- _WORK ORDER_
Restate the listing below exactly, images excluded.

- _SUPPLIED MATERIAL_
--- START ---
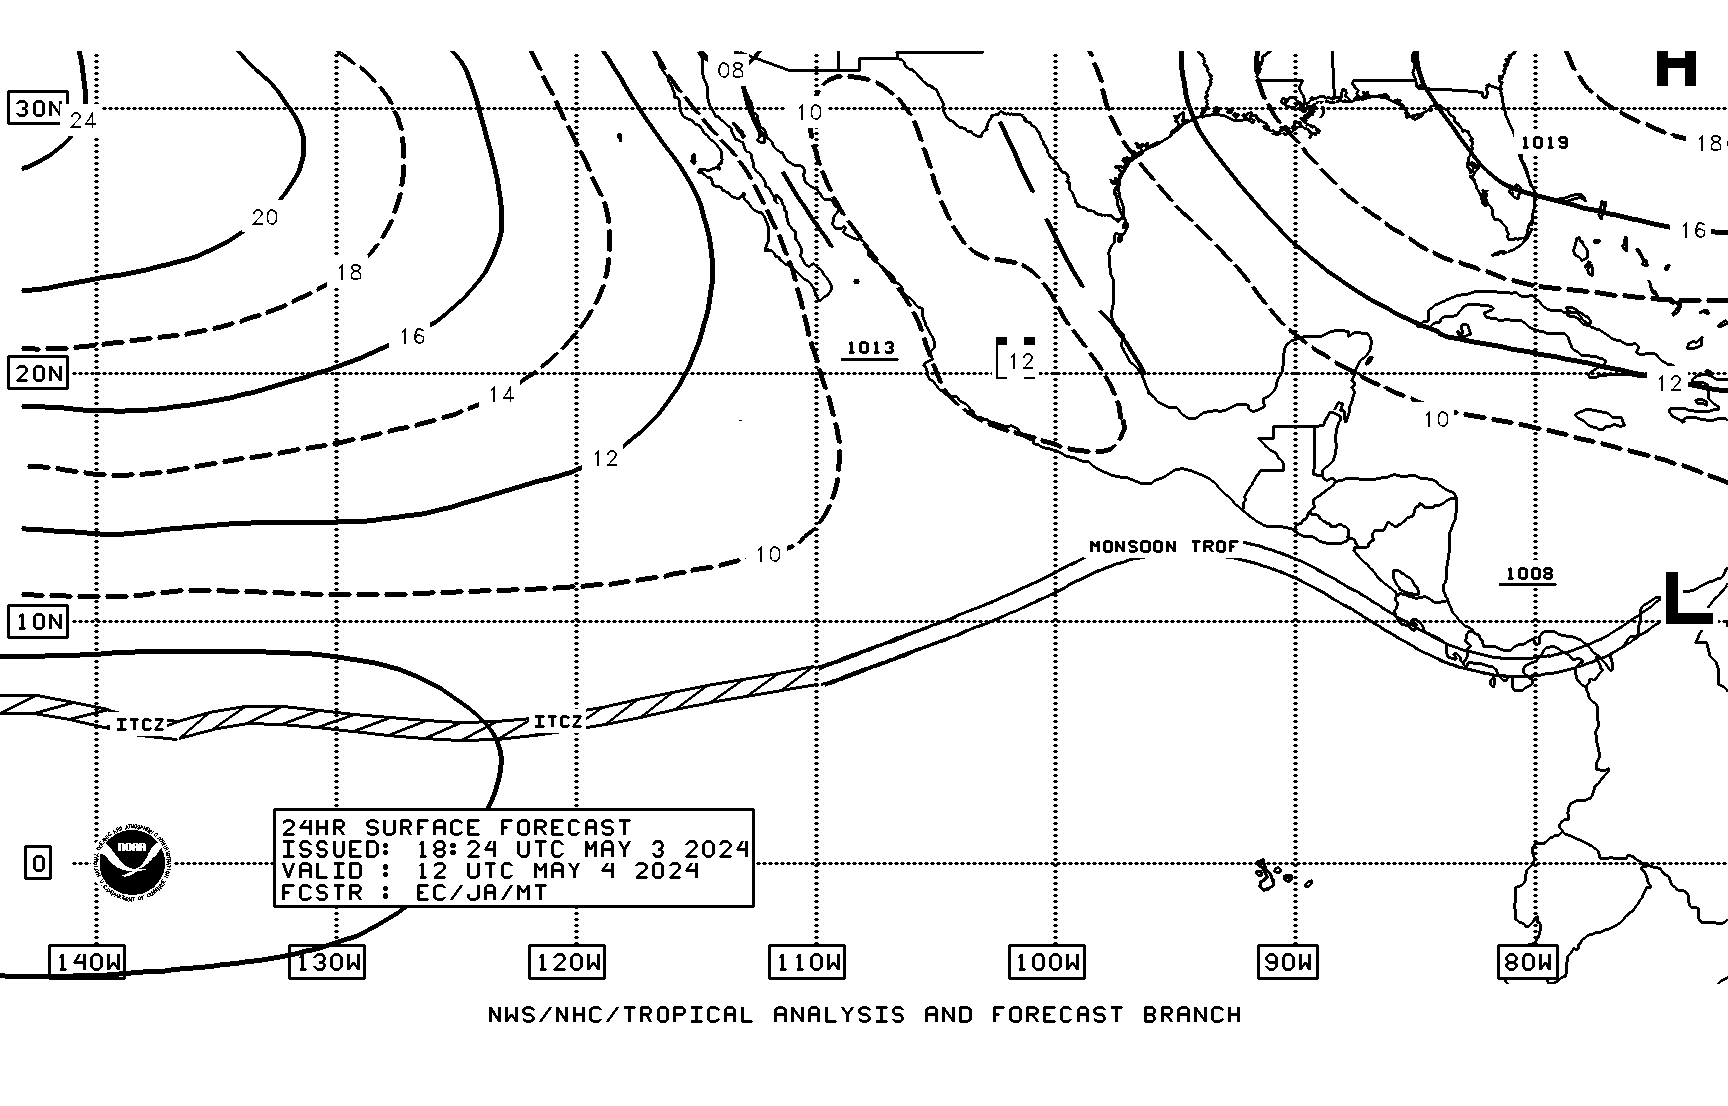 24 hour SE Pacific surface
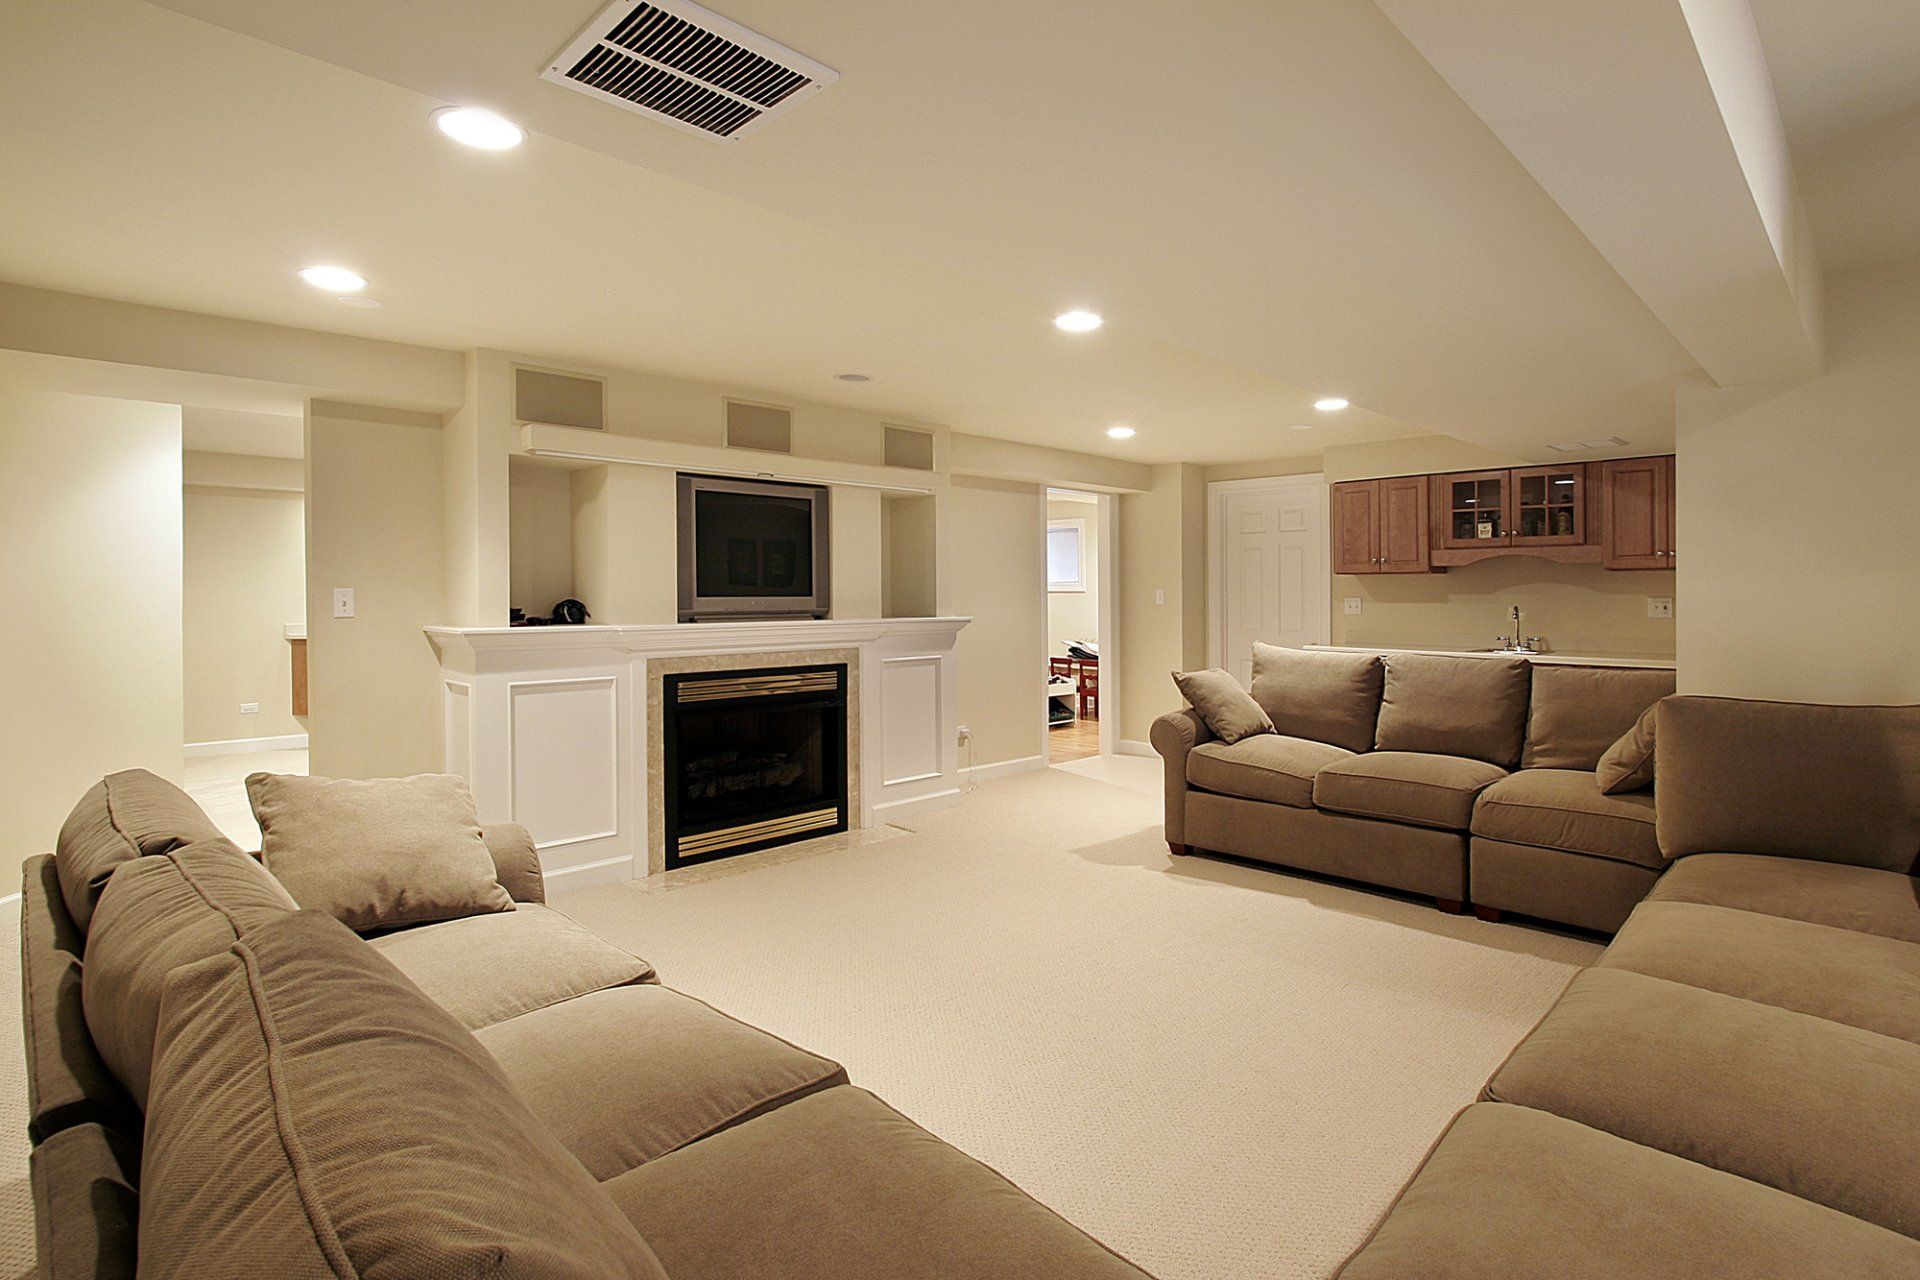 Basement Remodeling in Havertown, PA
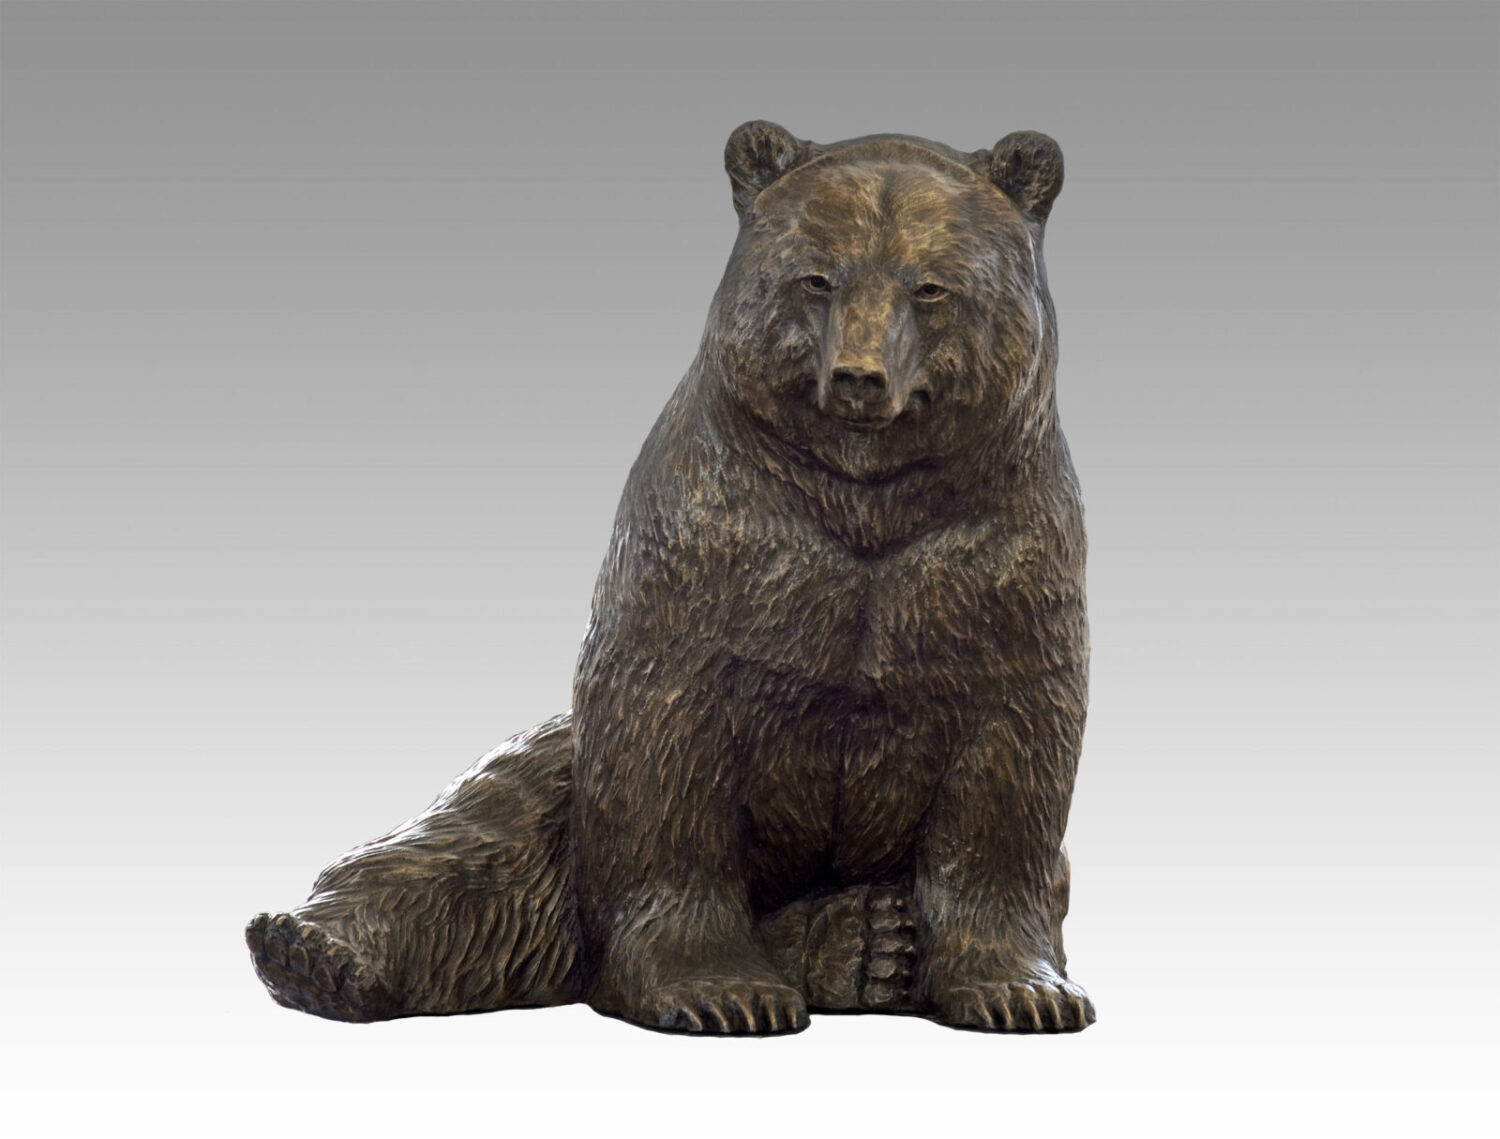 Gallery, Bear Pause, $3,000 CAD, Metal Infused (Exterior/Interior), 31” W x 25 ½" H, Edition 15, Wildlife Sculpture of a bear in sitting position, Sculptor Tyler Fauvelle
--- END ---
- _RESULT_
 24 hour SE Pacific surface
 Basement Remodeling in Havertown, PA
 Gallery, Bear Pause, $3,000 CAD, Metal Infused (Exterior/Interior), 31” W x 25 ½" H, Edition 15, Wildlife Sculpture of a bear in sitting position, Sculptor Tyler Fauvelle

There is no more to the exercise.